6. Build in a career path that aims to develop data science talent

One strategy that Region’s Bank takes is that it allows and encourages its Data Scientists and Analysts to move around the organization working in a variety of teams. Management openly discusses and plans for this with its new hires and in annual performance reviews. So, an entry level Data Scientist will come into a department and know that in a few years after learning all there is to learn in that department, they will have the opportunity to move to a new area of the organization where they can continue to develop, contribute and be recognized.

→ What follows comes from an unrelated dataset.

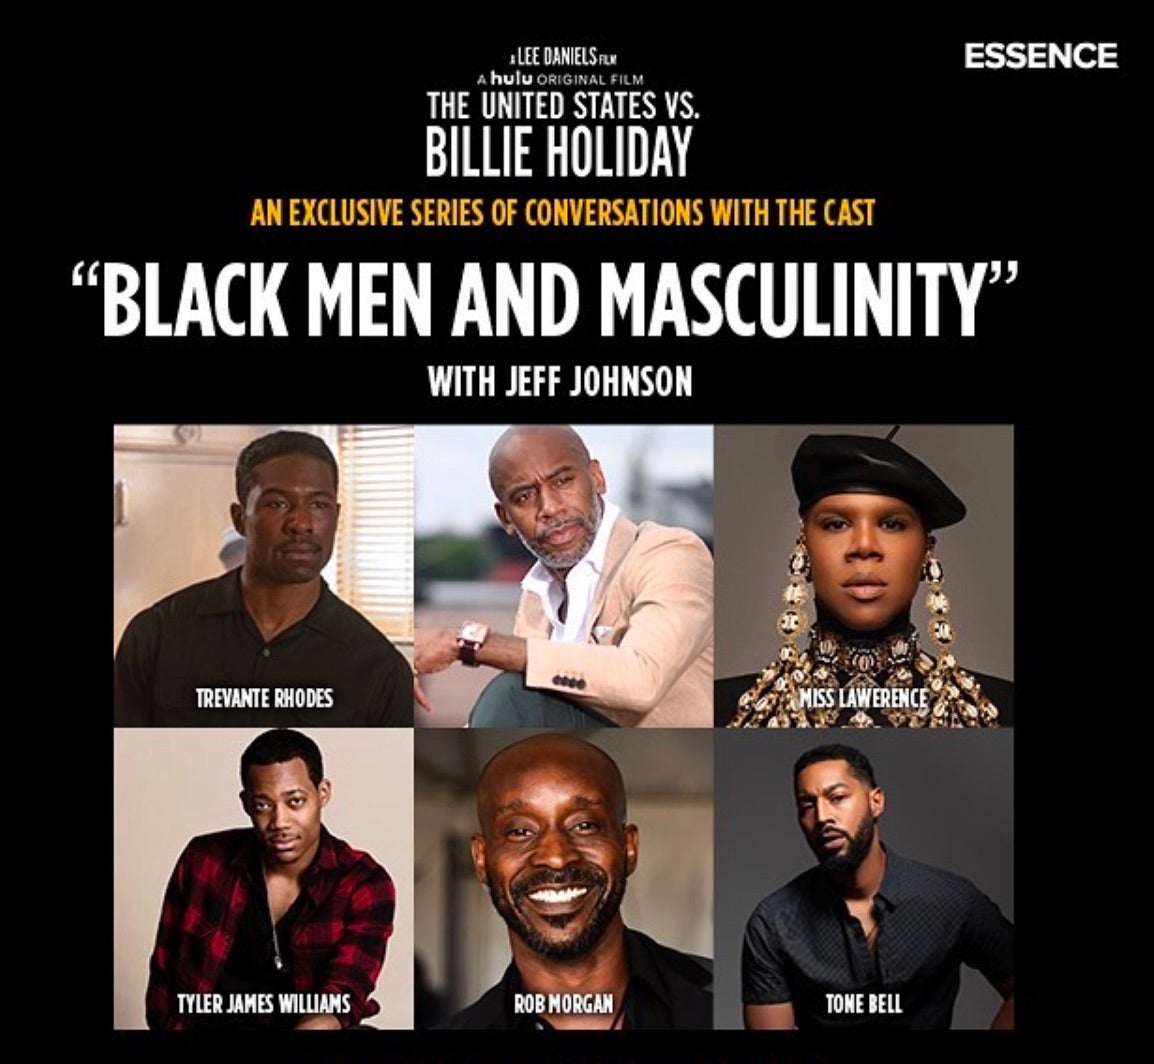 7 Lessons On Black Male Masculinity From The Men Of 'The United States vs. Billie Holiday'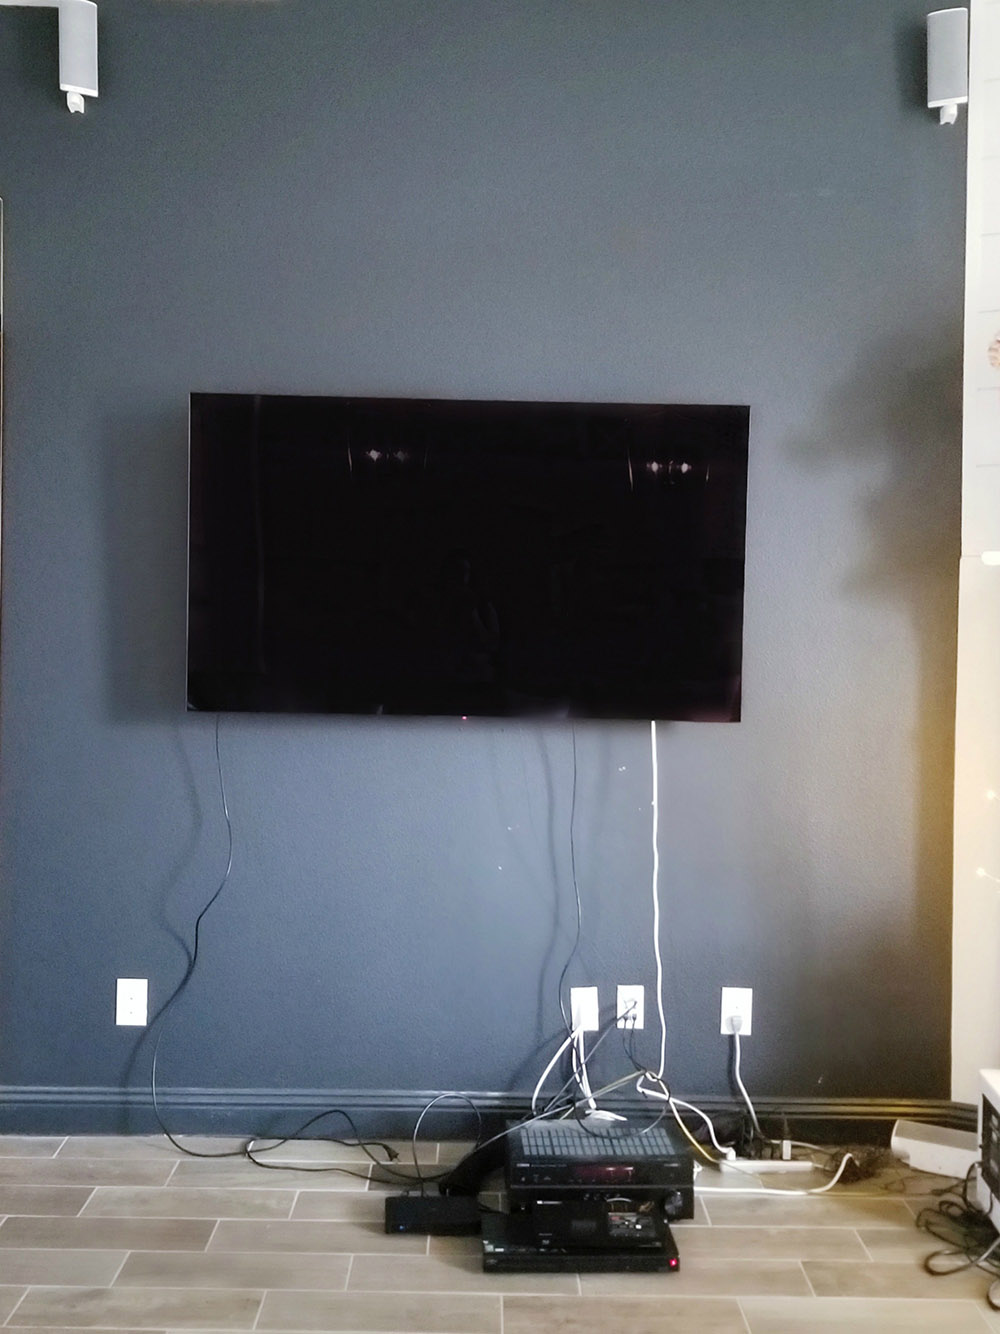 A flatscreen TV mounted on a dark wall with cords hanging down the wall.

This strategy feeds well into the very simple fact that right about the time your best Data Scientists are hitting their stride they may also be thinking about starting a family and will thus be looking for new opportunities and challenges within your organization, rather than face a move. They will likely plan to stay with your company longer when they see that they have a future and that they can start thinking about other life goals.

In addition to this, companies should start creating a hybrid career development track for all employees. One that runs parallel to both data science and the business side, and which allows business people to move into data science teams and vice versa. For example, if your company can afford it, you might develop education subsidy programs that support employees who are interested in pursuing advanced analytical degrees. Tuition grants can be given in exchange for your employees agreeing to stay with your company for a certain number of years to “pay back” the favor.

7. Democratize data science

The real long-term solution to training and developing a team of Data Scientists comes with democratizing data science. Companies must find ways to stop relegating data science knowledge to a small team of highly specialized, PhD.- clad quasi-unicorns. The responsibility of data science is growing faster than ever. This puts tremendous strain on both the data science team itself, as well as recruiters and managers.

So what McKinsey, Harvard, and companies like Airbnb have been advocating for is the democratization of data science as a way to both meet the shortage of Data Science talent, but more importantly, as a critical step toward extracting the true value of data science. Companies are setting up data science academies to train management. They’re hiring “hybrid” roles such as visualization specialists and “data translators” to help bridge the gap between the team of Data Scientists and the rest of the organization.

Some companies are actively implementing automated tools, pre-trained models and self-service analytics to make data science techniques and skills more available to the rest of the organization. The democratization of data science over time may relieve the pressure on the data science team and promote a fairer judgment of how trained they really need to be.

Admittedly most companies are far from democratizing data science skills. But getting there could go faster than you would think.

Ten Years From Now…

It’s clear that there is no single way of meeting the broad array of skills needed when building a data science team in any immediate way without taking a few risks on talent hiring and without planning for future development of data science talent in new ways.

Organizations need to take steps to alleviate the unrealistic demands now being placed on individual data science candidates and the people trying to hire them.

Building a data science team requires taking a long-term view toward developing a more balanced set of capabilities within the organization.

Many of the proposed steps don’t really require much in the way of additional investment. Bootcamps and LinkedIn Learning are not all that expensive compared to the cost of recruiting and hiring a “ready-made” Data Scientist.

Rather what is required is an acceptance that hiring ready-made Data Scientists is really a fading option.

Start working on your long term roadmap now and maybe in 10 years when McKinsey reports that AI has “come of age” you’ll be armed with a team of homegrown and loyal Data Scientists ready to take advantage of all that the future of data science has to offer.